Besonders deutlich wurde diese Tendenz während der Corona-Pandemie, als sich viele deutsche Redaktionen eng an den Positionen der Bundesregierung orientierten und abweichende wissenschaftliche Einschätzungen marginalisierten. Der öffentlich-rechtliche Rundfunk und die großen Leitmedien gerieten in die Kritik, mehr Sprachrohr als Kontrollinstanz gewesen zu sein. Gerade im öffentlich-rechtlichen Rundfunk und in großen Leitmedien zeigen sich eine gewisse Zurückhaltung gegenüber offener Regierungskritik, eine Tendenz zur Übernahme offizieller Narrative und ein Mangel an investigativer Distanz.

Die historischen Ausnahmen

Doch es gab sie, die Ausnahmen. Journalisten, die bewiesen haben, dass deutscher Journalismus durchaus anders kann – wenn er will.

Kurt Tucholsky war eine dieser seltenen Stimmen. Mit seiner satirischen, politisch unbestechlichen Feder wurde er zur schärfsten intellektuellen Stimme der Weimarer Republik. Tucholsky kritisierte nicht nur autoritäre Strukturen, die Justiz und den preußischen Militarismus, sondern prangerte auch die gesellschaftliche und politische Nachgiebigkeit gegenüber Nationalismus, rechter Gewalt und antidemokratischen Tendenzen an. Sein Ziel war es, das Selbstbewusstsein der Bürger gegen Obrigkeit und Duckmäusertum zu stärken und republikanische, demokratische Werte zu verankern.

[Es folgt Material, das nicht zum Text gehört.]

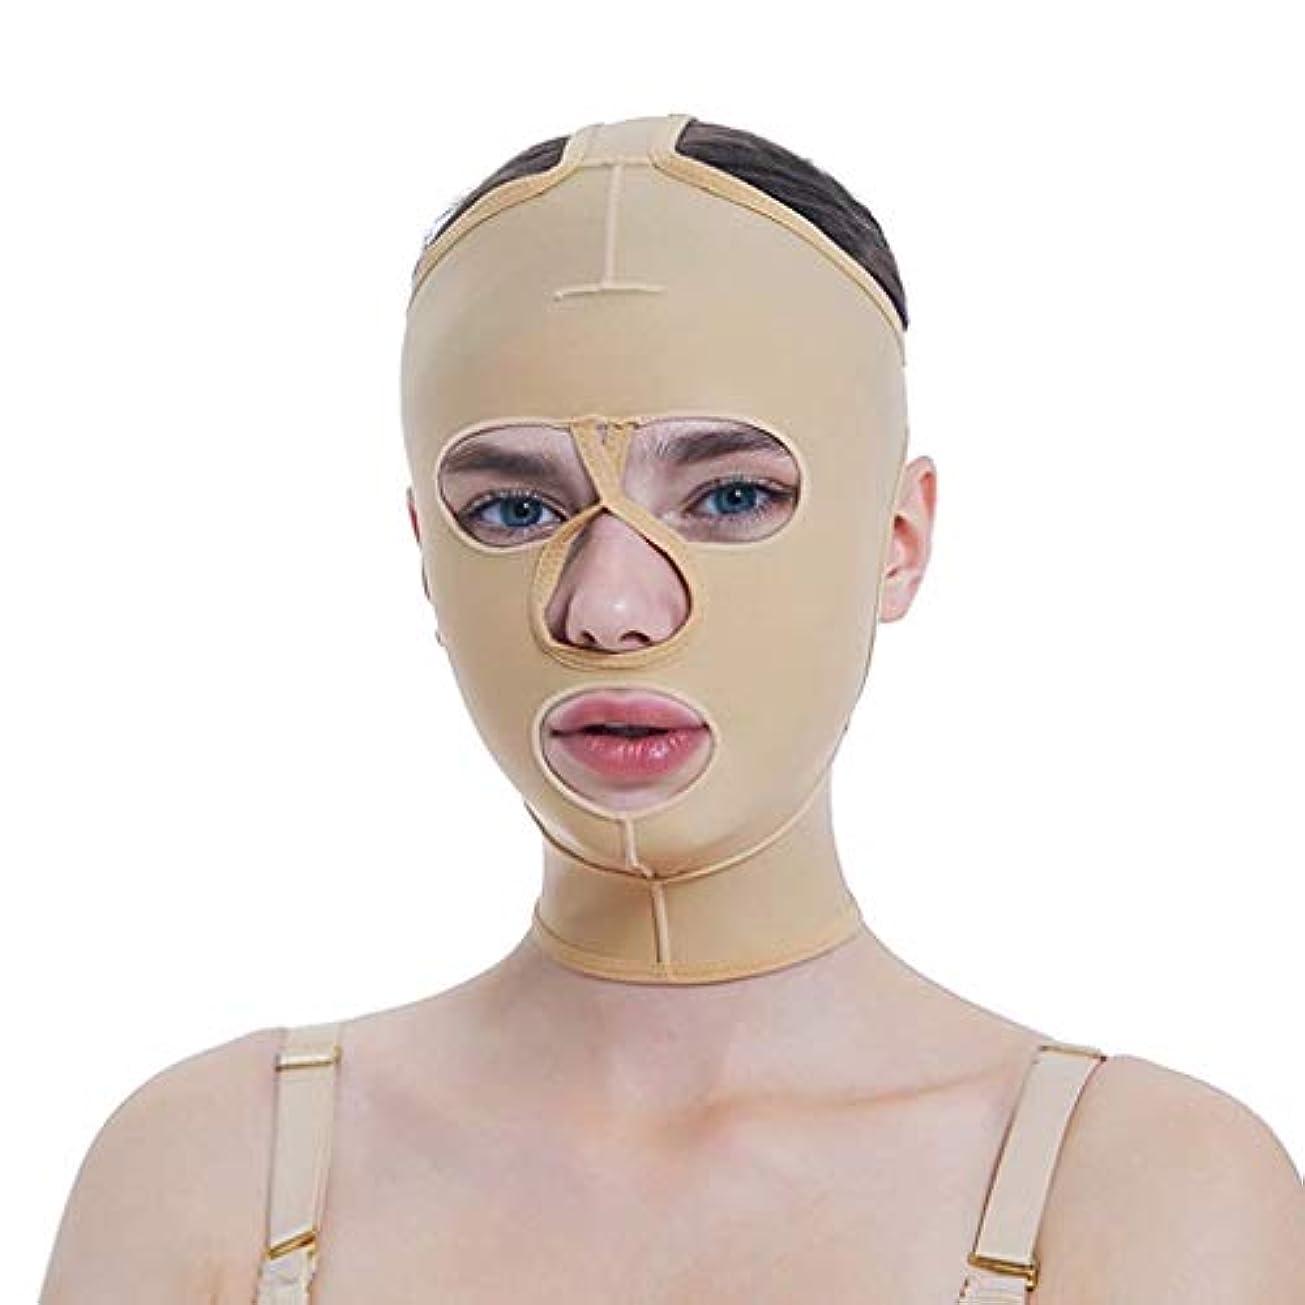 マーク要旨認める脂肪吸引術用成形マスク、薄手かつらVフェイスビームフェイス弾性スリーブマルチサイズオプション(サイズ:M)

Carl von Ossietzky, Chefredakteur der „Weltbühne“, kämpfte zeitlebens für Pressefreiheit, Pazifismus und parlamentarische Demokratie. Seine unerschrockene Kritik an staatlichem Machtmissbrauch, am Aufstieg des Militarismus und an der mangelnden Aufarbeitung der kaiserzeitlichen Eliten brachte ihm eine Haftstrafe wegen „Landesverrats“ und letztlich den Friedensnobelpreis ein. Ossietzky betonte stets die Notwendigkeit journalistischer Unabhängigkeit und den Widerstand gegen jede staatliche Einengung von Meinungsfreiheit – auch, weil er erkannte, wie eng Medien und Staat im „Meinungskartell“ verflochten waren.

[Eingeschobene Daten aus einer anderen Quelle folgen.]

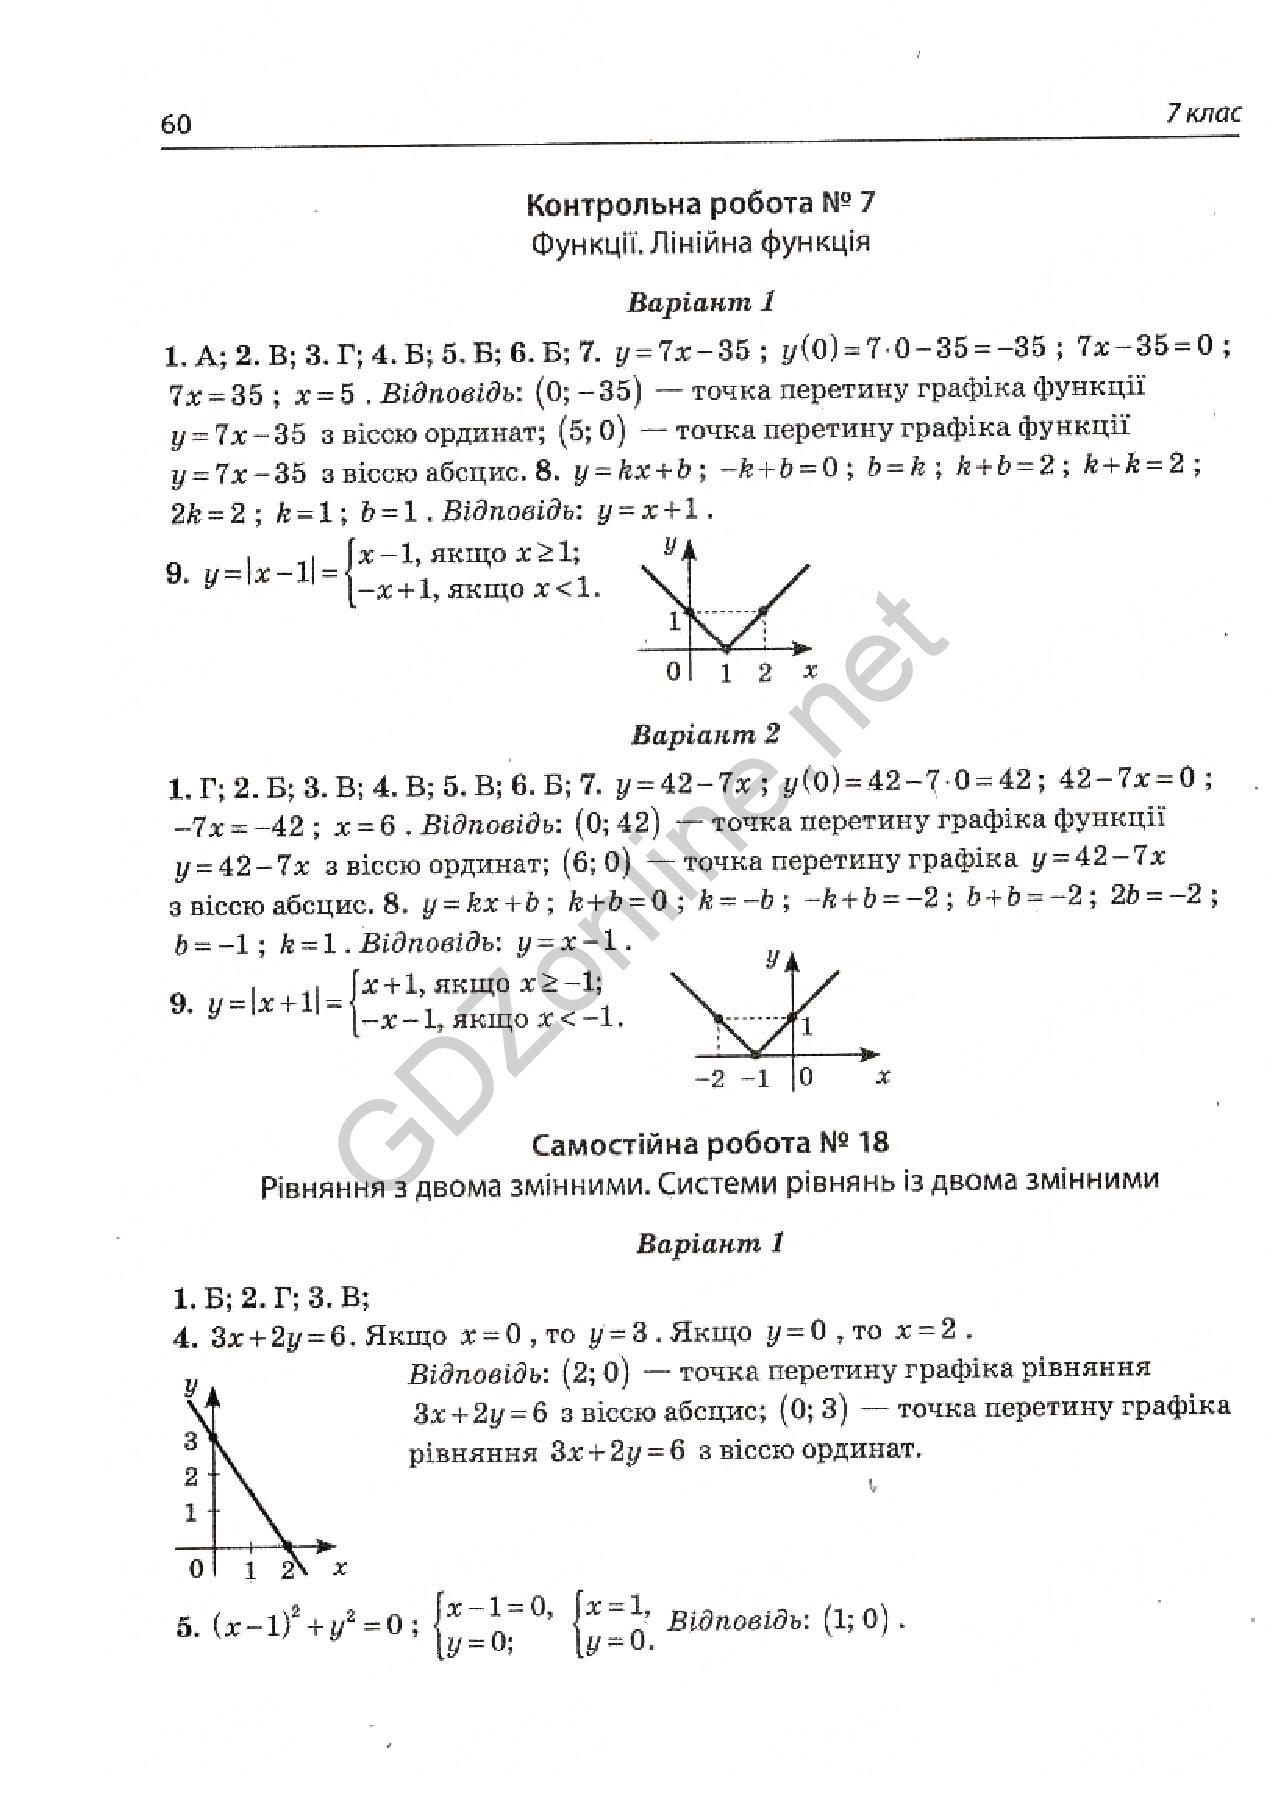 гдз гальперіна 7 геометрія контрольний зошит

Maximilian Harden prägte bereits im Kaiserreich das politische Feuilleton durch seine unabhängige, oft bissig-polemische Berichterstattung. Als Herausgeber und Chefredakteur der Zeitschrift „Die Zukunft“ entwickelte er sich von einem konservativen Monarchisten zum scharfen Kritiker von Kaiser Wilhelm II. und dessen autoritärem System. Harden nutzte seinen publizistischen Einfluss, um Skandale und politische Missstände offenzulegen, etwa in der sogenannten „Eulenburg-Affäre“. Seine beharrliche Kritik führte zu mehreren Prozessen wegen Majestätsbeleidigung und mehreren Haftstrafen, was seine kompromisslose Haltung gegenüber staatlicher und politischer Macht eindrucksvoll unterstreicht.

Weitere Namen ergänzen diese Tradition: Egon Erwin Kisch, der „rasende Reporter“, stand für aufklärerischen und investigativen Journalismus und scheute sich nicht, gesellschaftliche Missstände und staatliche Repressionen öffentlich zu machen. Emil Stumpp wurde als Pressezeichner für seine kritischen Karikaturen der NS-Führung berüchtigt – nachdem er 1933 ein unvorteilhaftes Porträt Hitlers veröffentlichte, wurde er massiv verfolgt, verlor seine Existenzgrundlage und starb später in Haft. Viele Redakteure und Kommentatoren liberaler Blätter wie der „Vossischen Zeitung“ riskierten in der Weimarer Republik mit staatskritischen Beiträgen offene Repressionen und Berufsverbote.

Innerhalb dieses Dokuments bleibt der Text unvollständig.